Hello! this is my first ever fanfic.

the reader insert is uh. she's got something, that's for sure. unfortunately i am a terrible writer and this is purely self indulgent, so. welcome to my mind palace or whatever. i am her and she is me so i hope you can relate somewhat! no name OR use of y/n tho! i just draw from my own emotions.

Chapter 1: slumber

Chapter Text

I’m sleeping tonight. It’s rare, this close to sunset. Normally I pace my apartment and triple check locks, paranoid. Or I’m absorbed in the couch, blanket over my numbing feet, eyes fixated on a book or a case or hell, even whatever shitty movies are on the useless cable plan I get. Even if it’s none of those, it’s not sleeping. It’s staring off into space for hours, my hands doing something, but my mind inactive. The only time I ever sleep is after the witching hour. Normally, of course.

This week ain’t normal. If Jason were to drop by he’d say it’s disastrous. And even if he were being dramatic if he were to drop by, there’d be truth in the assumed words he would say if he were here. But he isn’t, so he doesn’t say the words, and therefore they aren’t true.

It’s obvious, he would say if he were to drop by. The clothes that don’t make it to the basket, the unmade bed that looks like it’s being used for most of the day, the stocked fridge and pantry yet the plates in the cabinet that gather the thinnest layer of dust. He wouldn’t say it out of judgement. He’d say it with a wrinkle between his brows and lips parted. Maybe a tinge of frustration in his tone if I’m stubborn enough about it.

I don’t miss him. I don’t. I don’t long to fall asleep on his chest. I don’t long to wake up from a nightmare to a warm body rather than cold sheets. I don’t hope the minutes leading up to and following 3:45 am that he decides to use my place as a safehouse after he’s done with patrolling. I can’t miss him. I’m sleeping.

A single, sharp knock on my fire-escape window (followed by the sound of the lock being picked and it sliding open) jolts me out of sleep. I’m reaching for the bowie knife that I keep under my pillow and creeping out from under the covers before I’m even oriented. I don’t turn on a lamp.

Two steps from the bed I realize what’s going on. The knock. The bypass of the little security alarm. My mood sours. I brace myself for this.

He’s taking his boots off. At least he still has manners. The stupid helmet is already sitting on my coffee table and his soaked leather jacket gets tossed over the back of an armchair.
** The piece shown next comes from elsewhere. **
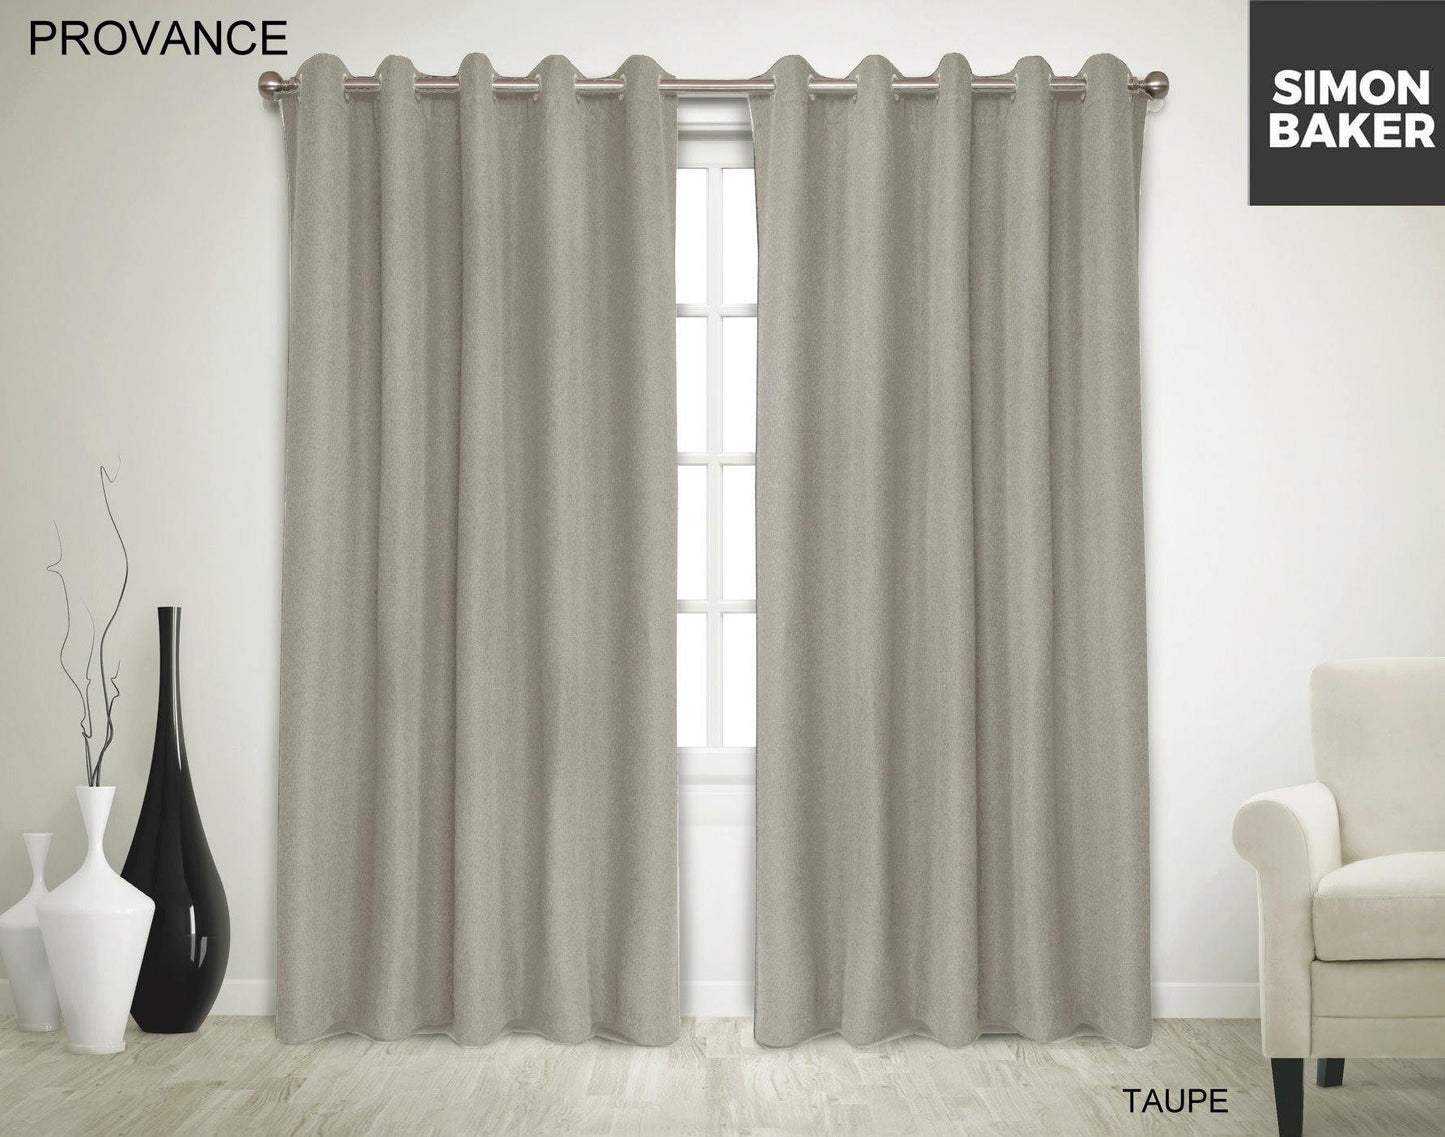 Simon Baker | Provance Eyelet Curtain Taupe (Various Lengths)

I don’t think he’s noticed me quite yet. He does take in the mess though. I don’t realize I’m staring until his eyes find mine.

My guard goes up immediately. I hold the knife, brace myself. He doesn’t seem all that phased. He’s bleeding from somewhere. His fingertips drip pink-tinged water onto the hardwood.

“Look. I know, I know. Just–put the damn knife down for a second. Lemme talk.” He says, hands raising almost like he’s surrendering. It feels more like he’s humoring me. We both know he has the capability, if he wanted to, to disarm the knife from me–especially with a lack of food in my system, and the fact that I just woke up and there isn’t a drop of adrenaline flowing through my veins.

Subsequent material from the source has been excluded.